Cell smartphone model

Samsung S3650 (also known as Genio Touch and formally Samsung Corby) is an entry-level touchscreen smartphone that was released in August 2009 by Samsung. It has a 2 MP camera and a 2.8-inch capacitive TFT touch screen.

There is also a QWERTY and a QWERTY slide version of the phone, Samsung B3210 and Samsung B5310, respectively.

The phone is available in four different colours (limited for rear covers and side mechanical buttons) - White, Pink, Orange or Yellow.

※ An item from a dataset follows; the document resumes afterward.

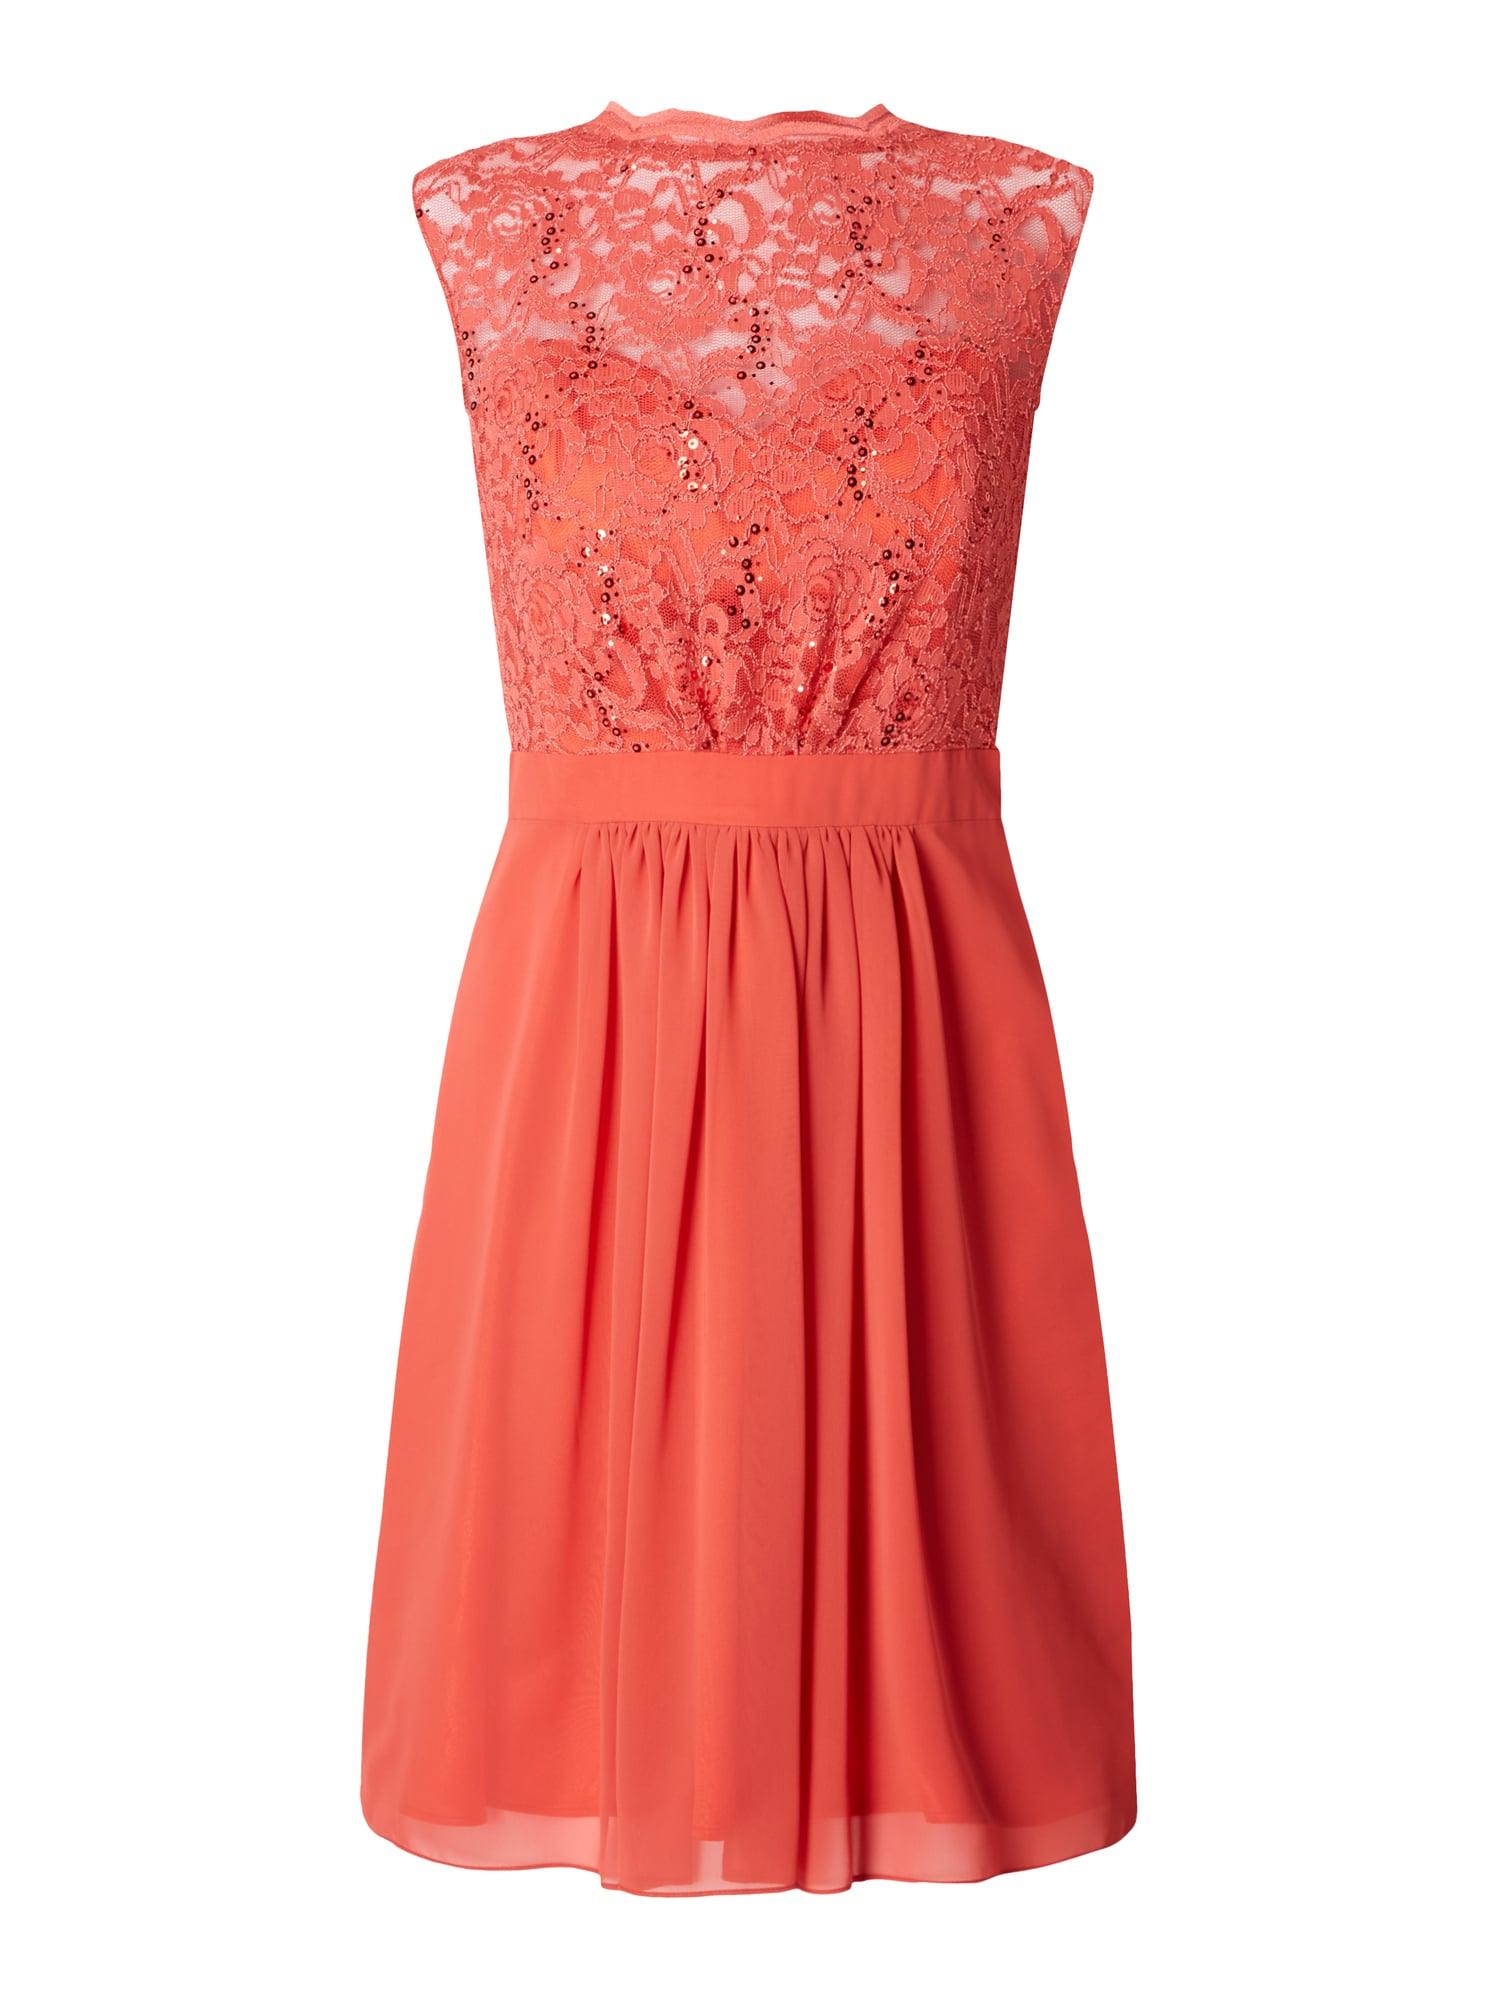 Formal Top Kleid Koralle Spitze Ärmel15 Kreativ Kleid Koralle Spitze Spezialgebiet

The Samsung GT-S3650W is a variant which has built-in Wi-Fi support.

==Features==
- Quad-band GSM/EDGE
- 2.8-inch capacitive TFT touchscreen of QVGA resolution
- 50 MB onboard storage, microSD card slot (up to 8 GB)
- 2-megapixel fixed-focus camera with smile detection, QVGA@15fps video recording
- FM radio with RDS
- Find Music recognition service
- TouchWiz and Cartoon UI
- Social networking integration with direct file uploads
- Bluetooth 2.1 with A2DP, USB v.2.0
- Office document viewer
- Smart unlock
- Interchangeable rear covers
- Java-enabled Games
- Photo contact

==Corby in South Korea==
When the Samsung Corby was released in South Korea, Samsung Electronics changed its specification:
- The original Bluetooth Version was 2.1+EDR, the Korean model's Bluetooth version was downgraded to 2.0+EDR.
- While the original Corby can play non-DRM MP3 files, the Korean version is restricted to only playing with DRM.
- The Korean Corby does not have an office document viewer.
- The Korean Corby does not support MP3/WAV ringtones, just MA5 or MMF ringtones.
- The Korean Corby display is upgraded from a 2.8" QVGA to 3.0" WQVGA.
- The Korean Corby supports T-DMB television.

The price in Korea was high, the equivalent of 394.42 GBP. The model's main rivals are the LG Pep and the Nokia XpressMusic.

In South Korea, boy band 2PM advertised this phone, including a song entitled "My Color".